Several facility-level characteristics were associated with differences in measures of interpretive performance in multivariable models that controlled for patient and radiologist characteristics (Table 2). Specificity decreased with increasing facility volume (P = .002), but sensitivity did not vary with facility volume (P = .097). Facilities that offered diagnostic mammograms had lower specificity (odds ratio [OR] = 0.66, 95% CI = 0.5 to 0.86; P = .003) and lower PPV1 (OR = 0.63, 95% CI = 0.49 to 0.82; P < .001) than facilities that did not. Having a breast imaging specialist who interpreted screening mammograms was associated with slightly higher specificity (OR = 1.26, 95% CI = 0.97 to 1.63; P = .83) and higher PPV1 (OR = 1.23, 95% CI = 1.01 to 1.50; P = .39), although neither association was statistically significant. Facilities that sent mammograms off-site for interpretation had statistically significantly lower specificity than those that did not (OR = 0.70, 95% CI = 0.56 to 0.87; P = .002). The profit status of the facility was not associated with any measure of interpretive performance.
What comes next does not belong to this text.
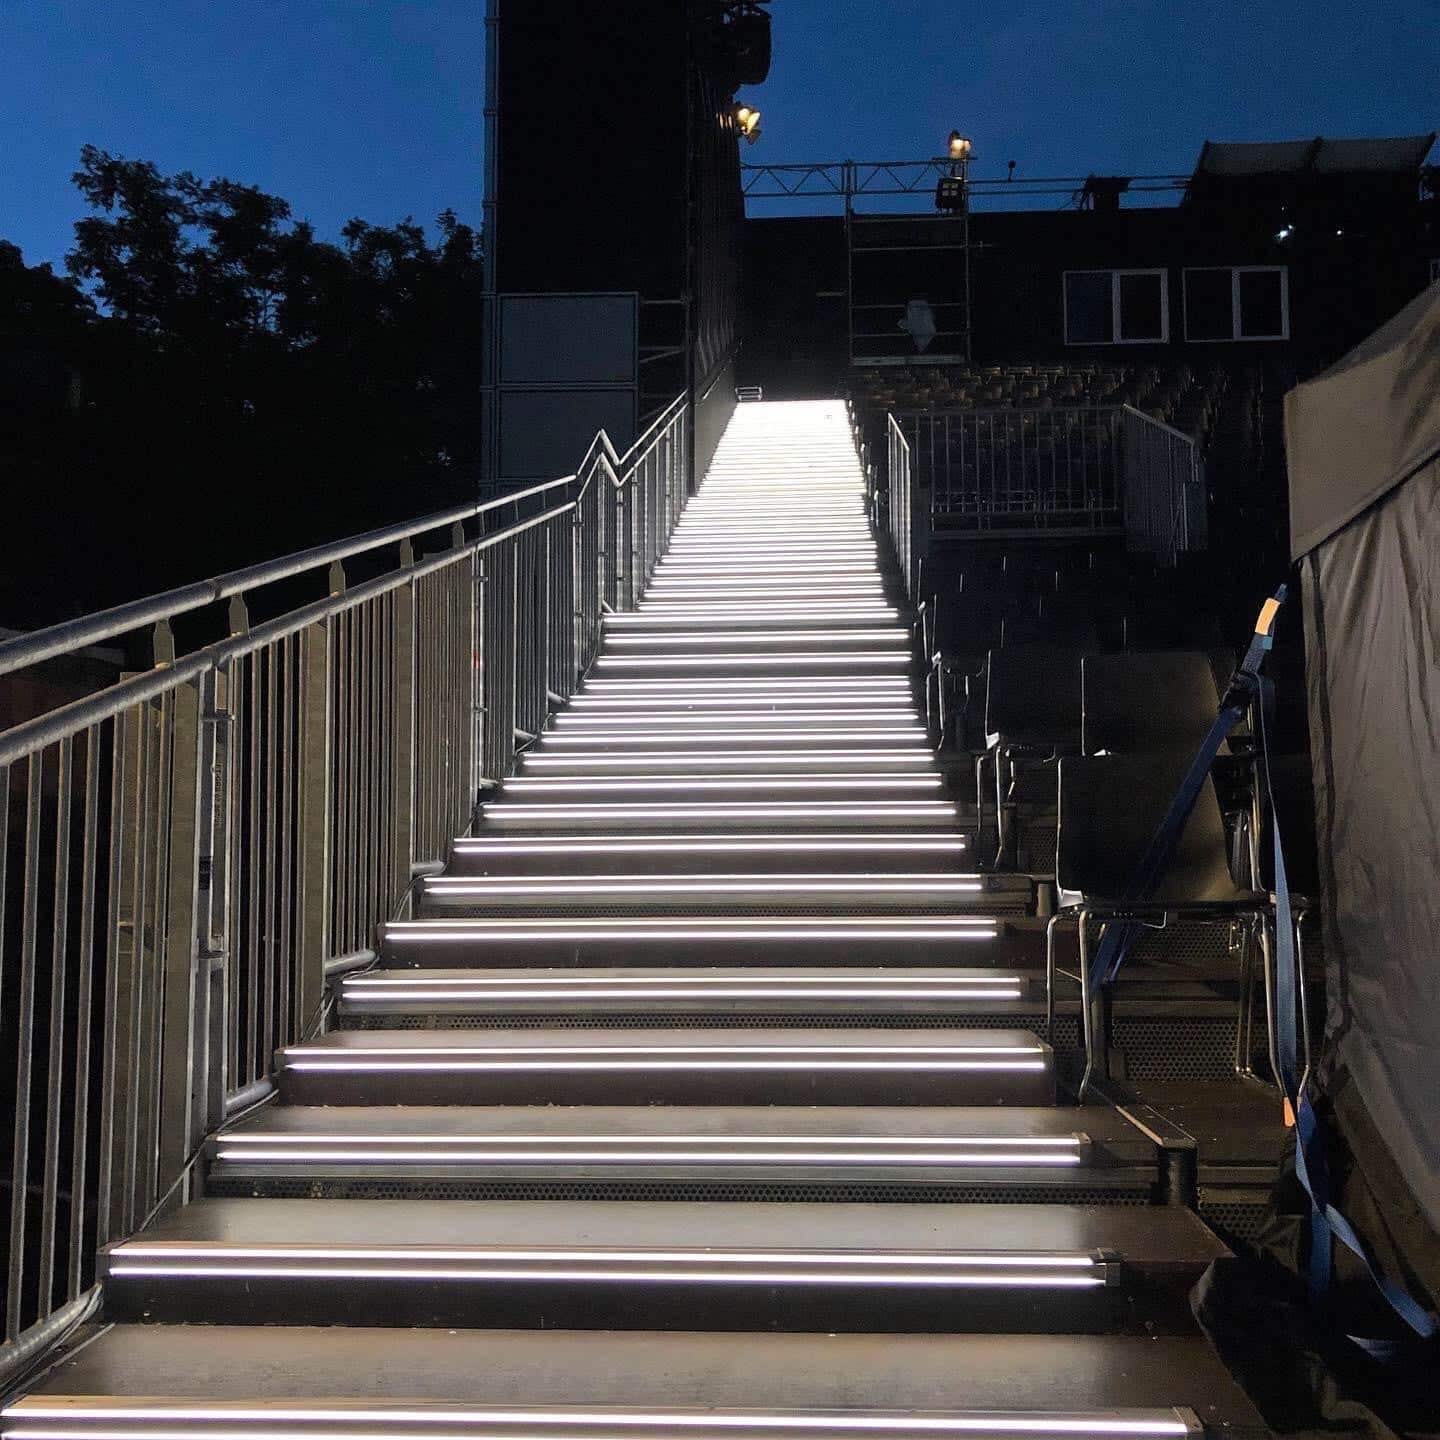 Stufenbeleuchtung einer Tribüne mit weiß beleuchteten Treppenstufen

Compared with no double reading of mammograms, the method of double reading was not associated with differences in specificity (P = .177) or sensitivity (P = .779) but was associated with a lower PPV1 (P = .005) (Table 2). Among the 23 facilities that reported double reading of mammograms, only four did so for all readings; 13 facilities double read 2%–30% of mammograms, and six did not report the percentage that were double read. Providing audit data to radiologists two or more times per year was associated with higher specificity and PPV1 than providing data only once per year. Reviewing audit information alone vs together with other radiologists was associated with lower specificity. None of the facility structure or interpretive process variables was associated with differences in PPV2 (data not shown).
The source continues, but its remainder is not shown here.